CREATE TABLE kafka_table (
  id BIGINT,
  name STRING,
  col1 STRING,
  col2 STRING
) WITH (
  'connector' = 'kafka', 
  'topic' = 'test-topic',

  'key.fields' = 'id, name',
  'key.format' = 'csv',

  'value.format' = 'avro'
)

An insert statement

INSERT INTO kafka_table VALUES (
  (1, "ABC", "col1", "col2")
)

will result in a ProducerRecord as follows:

new ProducerRecord<>(
  "test-topic", 
  null, 
  CSV.serialize(id, name), 
  AVRO.serialize(id, name, col1, col2)
)

A slightly different use case is to manually control where to store the columns data:

CREATE TABLE kafka_table (
  id BIGINT,
  name STRING,
  col1 STRING,
  col2 STRING
) WITH (
  'connector' = 'kafka', 
  'topic' = 'test-topic', 

  'key.format' = 'csv',
  'key.fields' = 'id, name',

  'value.format' = 'avro',
  'value.fields-include' = 'EXCEPT_KEY'
)

An insert statement

INSERT INTO kafka_table VALUES (
  (1, "ABC", "col1", "col2")
)

will result in a ProducerRecord as follows:

new ProducerRecord<>(
  "test-topic", 
  null, 
  CSV.serialize(id, name), 
  AVRO.serialize(col1, col2)
)

Kafka: Read metadata from Kafka's ConsumerRecord

CREATE TABLE kafka_table (
  id BIGINT,
  name STRING,
  offset INT METADATA,                 -- access Kafka 'offset' metadata
  headers MAP<STRING, BYTES> METADATA  -- access Kafka 'headers' metadata
) WITH (
  'connector' = 'kafka', 
  'topic' = 'test-topic', 

  'format' = 'avro'
)

Kinesis: Read other metadata from Kinesis

Kinesis represents partition keys as strings:

CREATE TABLE kinesis_table (
  id BIGINT,
  name STRING,
  partitionId STRING METADATA FROM 'partition'  -- use different column name for metadata 'partition'
) WITH (
  'connector' = 'kinesis', 
  'value.format' = 'avro'
)

SELECT * FROM kinesis_table;

-- Partition is a computed column, therefore it cannot be written to. Statements like below will fail:
INSERT INTO kinesis_table VALUES (1, "ABC", "shard-0000")

Kafka + Canal JSON Format: Both connector and format expose metadata

CREATE TABLE kafka_table (
  id BIGINT,
  name STRING,
  offset INT METADATA,   -- from Kafka
  database STRING METADATA FROM 'value.canal-json.database'  -- from Canal
) WITH (
  'connector' = 'kafka', 
  'topic' = 'test-topic', 

  'format' = 'canal-json'
)

Using the following format:

{
    "data": [
        {
            "id": "102",
            "name": "car battery"
        }
    ],
    "database": "inventory”,
    "table": "products",
    "es": 1589374013000,
    "ts": 1589374013680,
    "type": "DELETE"
}

Kafka: Write metadata into Kafka's ProducerRecord

CREATE TABLE kafka_table (
  id BIGINT,
  name STRING,
  timestamp BIGINT METADATA,
  offset INT METADATA VIRTUAL  -- offset cannot be written out, it is ignored in the query-sink schema
) WITH (
  'connector' = 'kafka', 
  'topic' = 'test-topic', 

  'format' = 'avro'
)

An insert statement could look like:

INSERT INTO kafka_table VALUES (
  (1, "ABC", 1599133672)
)

Or with no persisted metadata:

INSERT INTO kafka_table (id, name) VALUES (
  (1, "ABC")
)

Implementation Details

Syntax and Semantics

Let's assume the following example:

CREATE TABLE t (i INT, s STRING, timestamp TIMESTAMP(3) WITH LOCAL TIME ZONE METADATA, d DOUBLE)

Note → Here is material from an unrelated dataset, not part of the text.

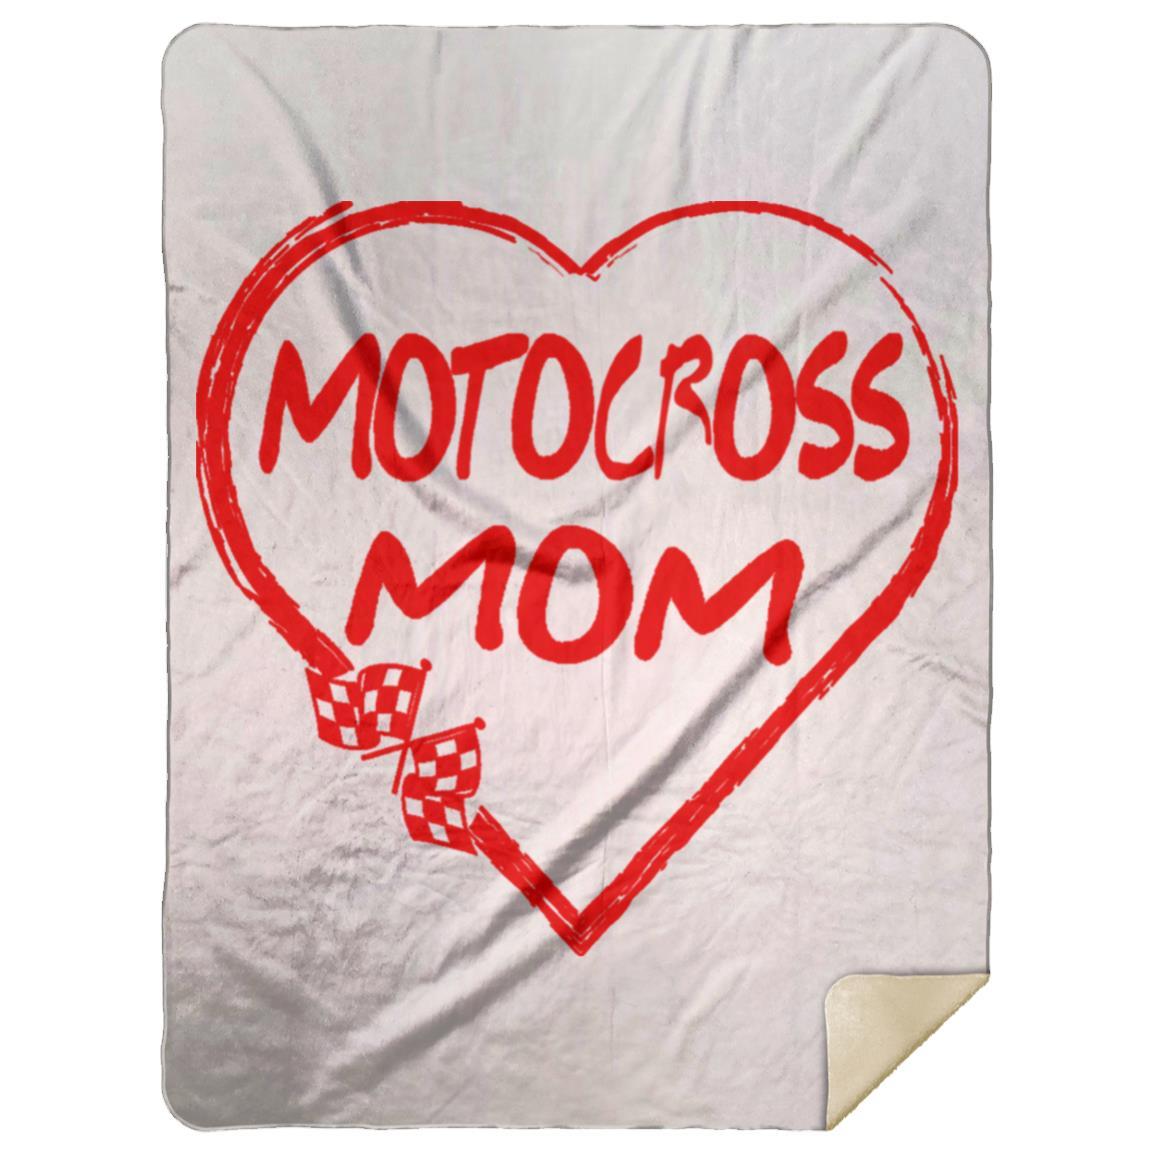 Motocross Mom Heart Premium Mink Sherpa Blanket 60x80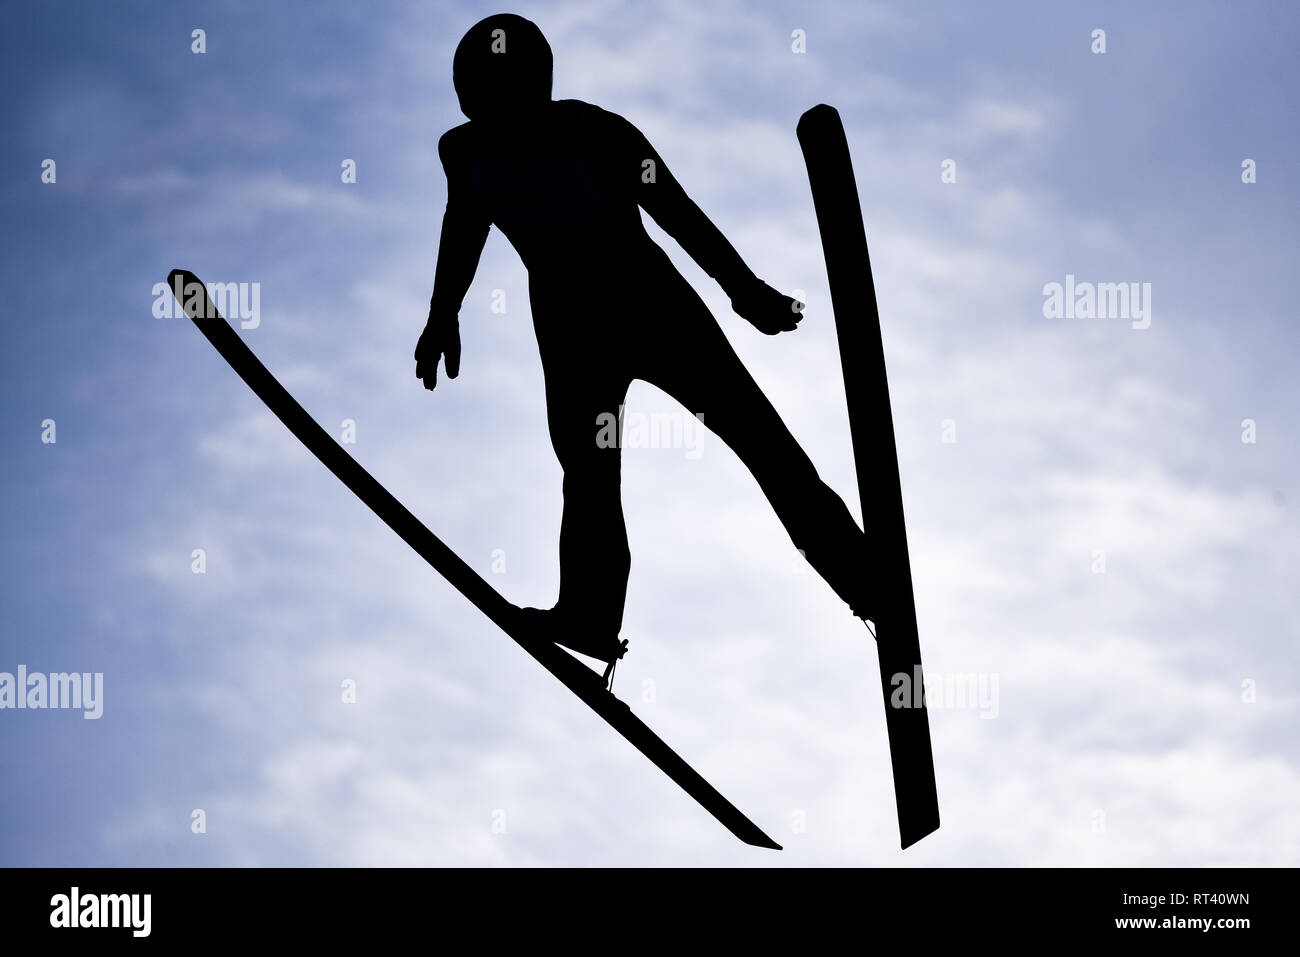 Seefeld, Austria, 26 de febrero. 2019. Saltadores de esquí silueteado durante el campeonato mundial de esquí nórdico. © John Lazenby/Alamy Live News. Foto de stock

The `timestamp` column is declared as a `METADATA` column. By default, the column name is used to map to a corresponding metadata key ("timestamp" in this case).

The data type of the column is used to perform an explicit cast of the original metadata data type. For example, a Kafka metadata timestamp is defined as `BIGINT`. A user can declare the column as `TIMESTAMP(3)` though and thus force an explicit cast from sources (BIGINT to TIMESTAMP) and to sinks (TIMESTAMP to BIGINT).

CREATE TABLE t (i INT, s STRING, myOffset INT METADATA FROM 'offset', d DOUBLE)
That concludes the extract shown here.